Segment Open

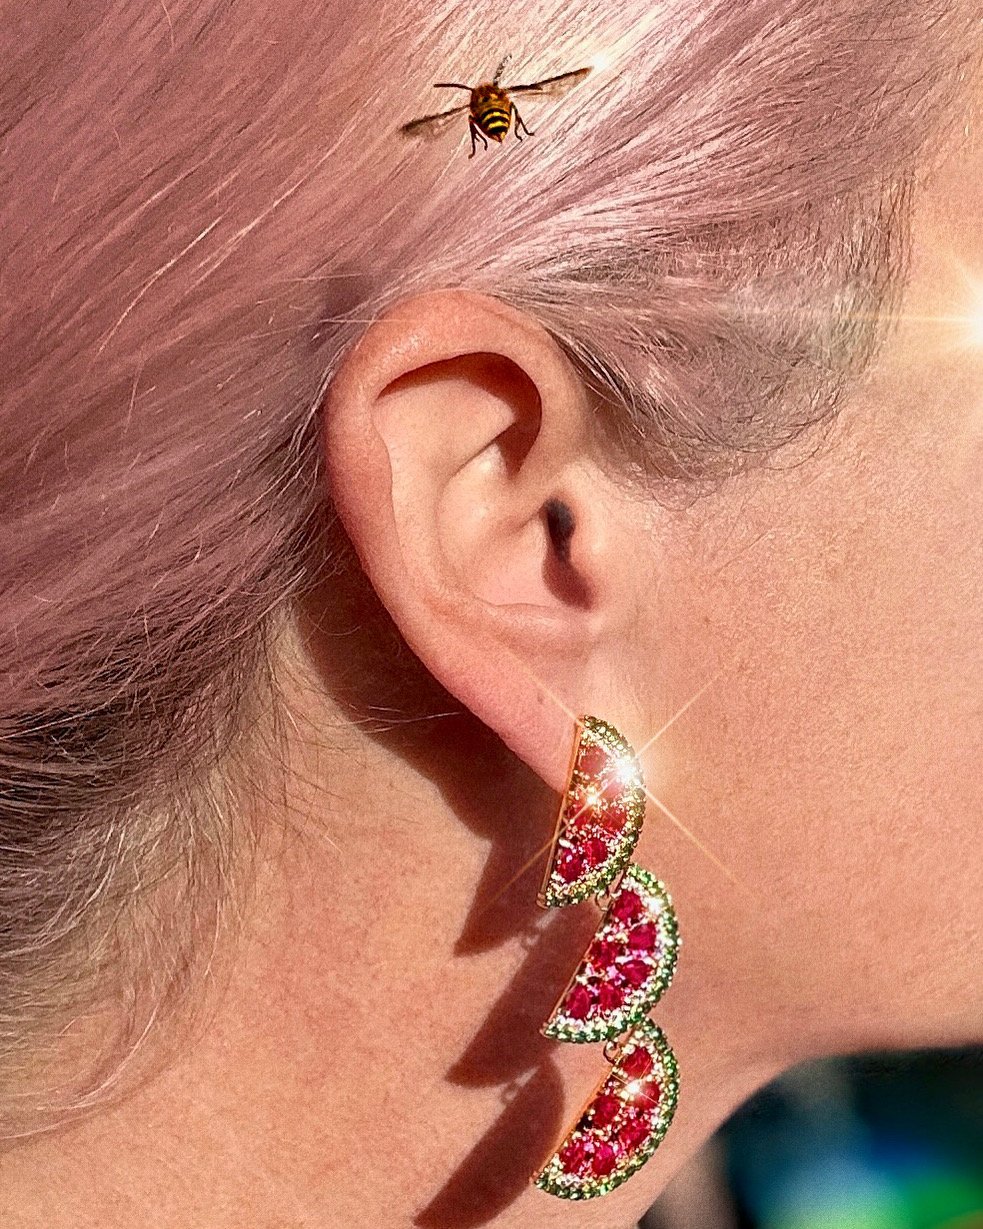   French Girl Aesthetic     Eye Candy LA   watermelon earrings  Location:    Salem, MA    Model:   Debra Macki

Segment Closed
Segment Open

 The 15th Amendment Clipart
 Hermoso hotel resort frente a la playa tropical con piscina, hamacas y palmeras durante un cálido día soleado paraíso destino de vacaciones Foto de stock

Segment Closed
Segment Open

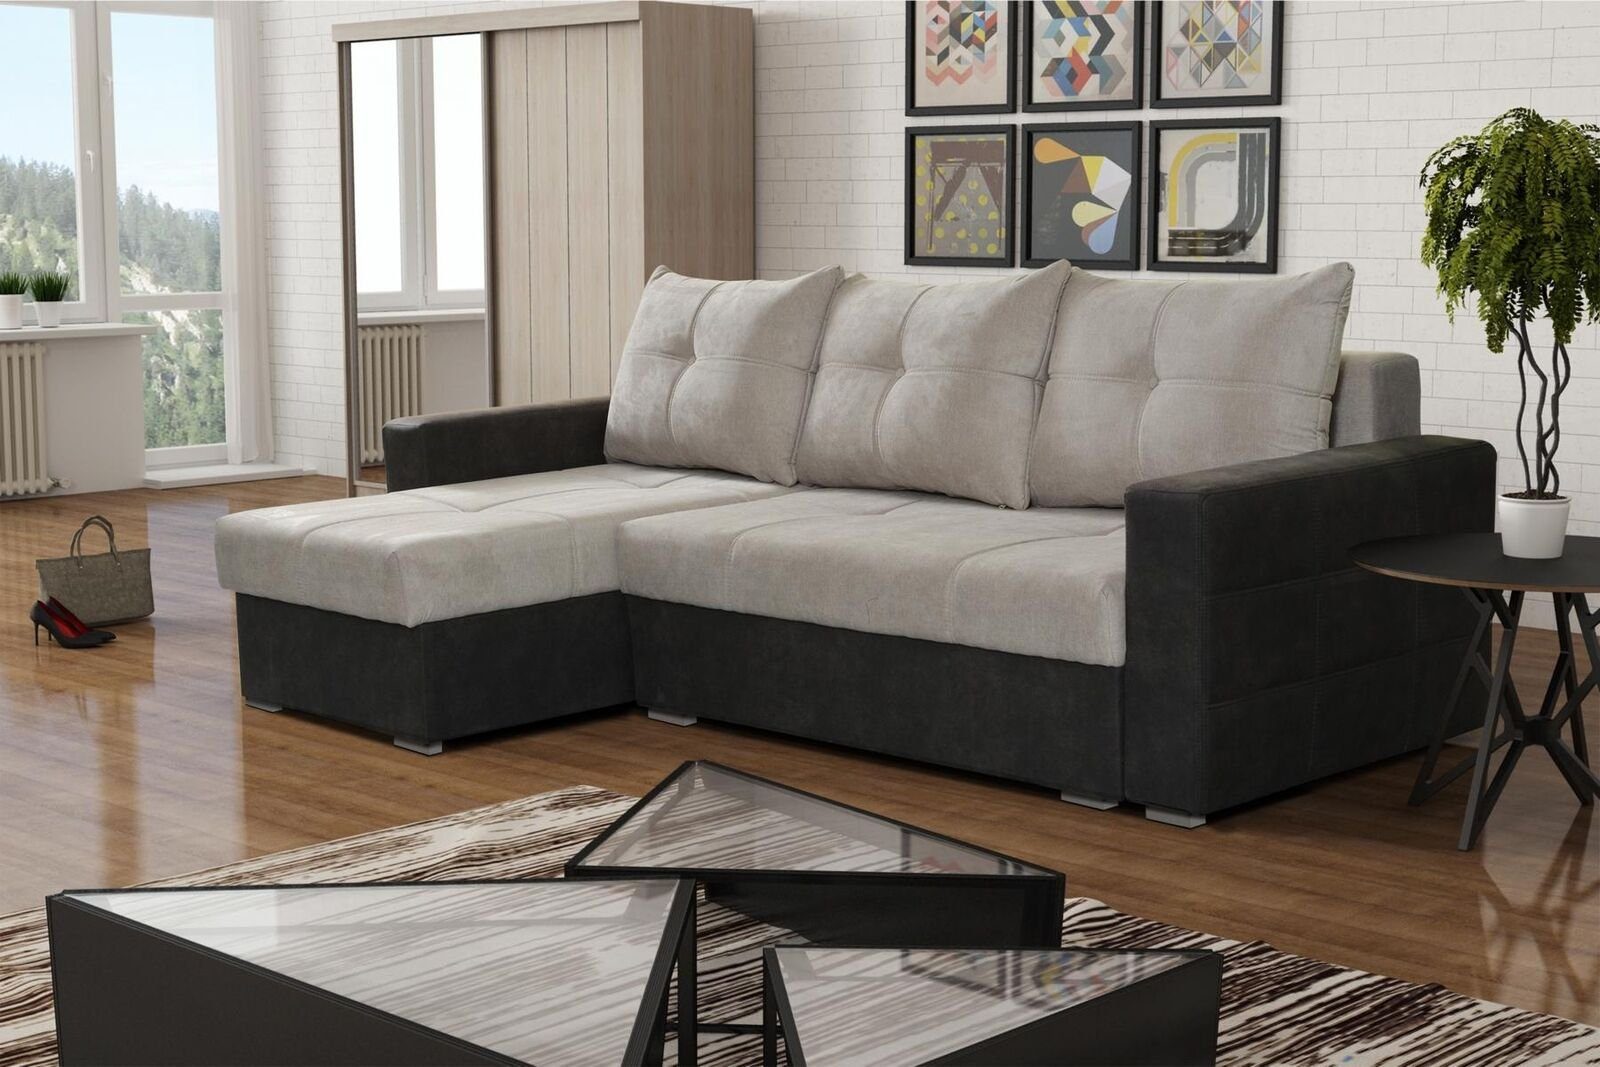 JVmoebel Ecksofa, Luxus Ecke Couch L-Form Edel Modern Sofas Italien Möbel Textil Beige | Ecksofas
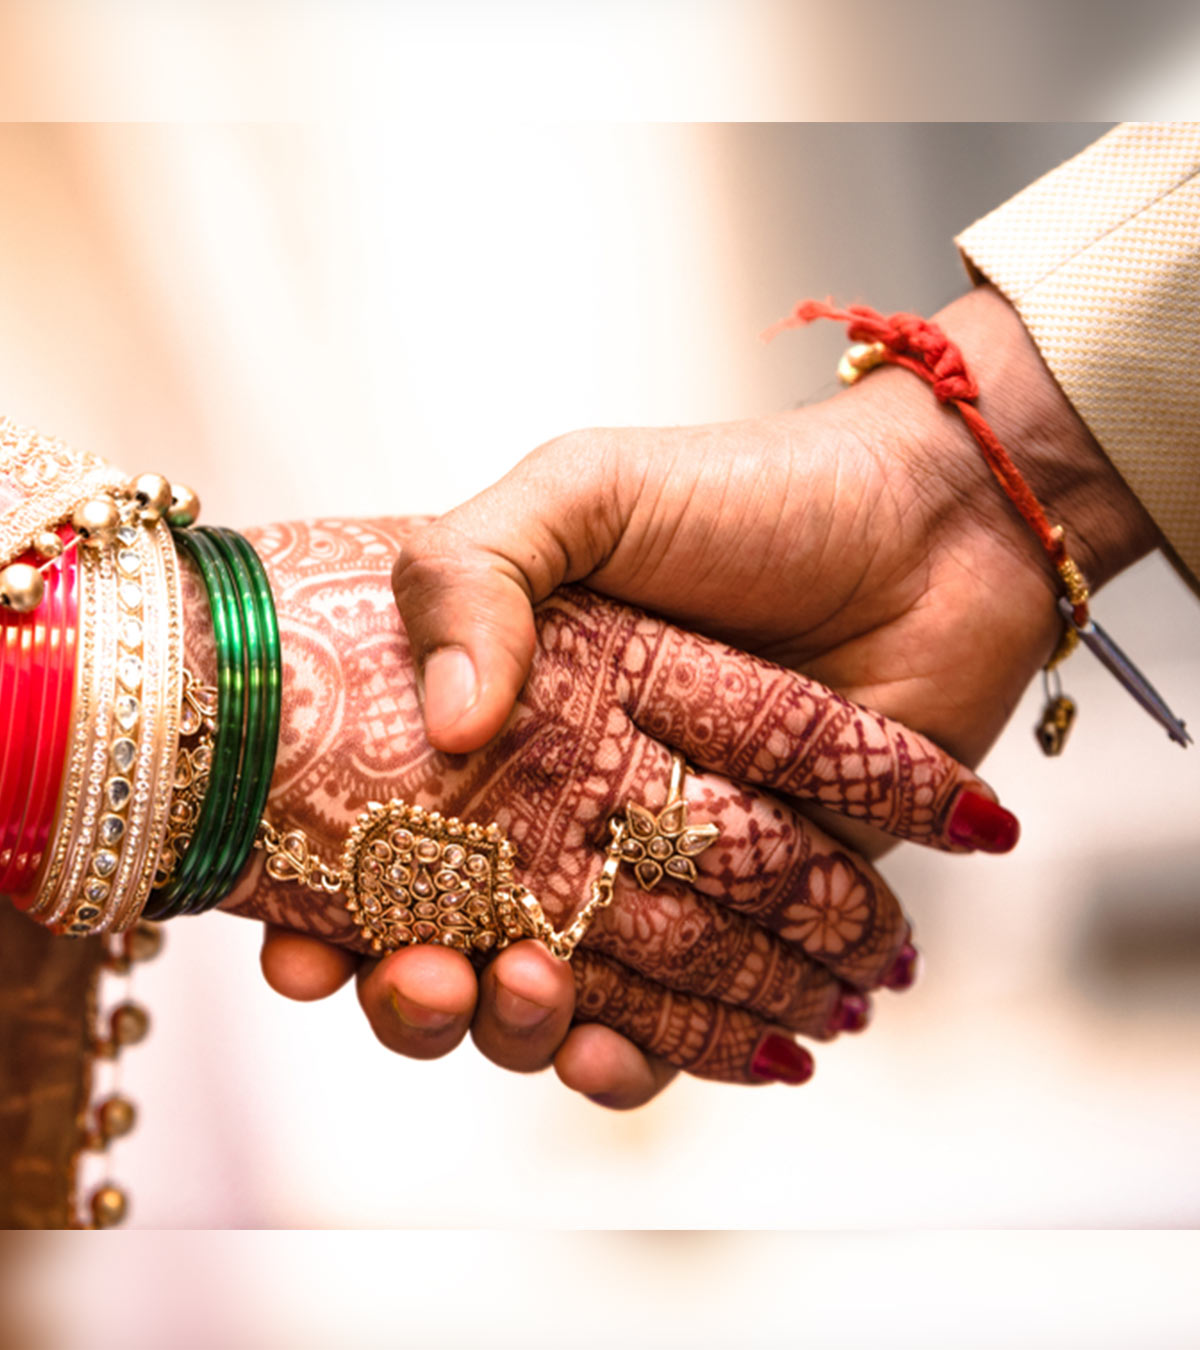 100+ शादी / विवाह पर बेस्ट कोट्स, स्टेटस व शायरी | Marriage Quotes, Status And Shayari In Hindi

Segment Closed

> WHAT YOU ARE ASKED TO DO:
Your answer should consist solely of the lines above from the line with "The 15th Amendment Clipart" to the line with "Hermoso hotel resort", both included, reproduced exactly.

> SOLVED PROBLEM:
 The 15th Amendment Clipart
 Hermoso hotel resort frente a la playa tropical con piscina, hamacas y palmeras durante un cálido día soleado paraíso destino de vacaciones Foto de stock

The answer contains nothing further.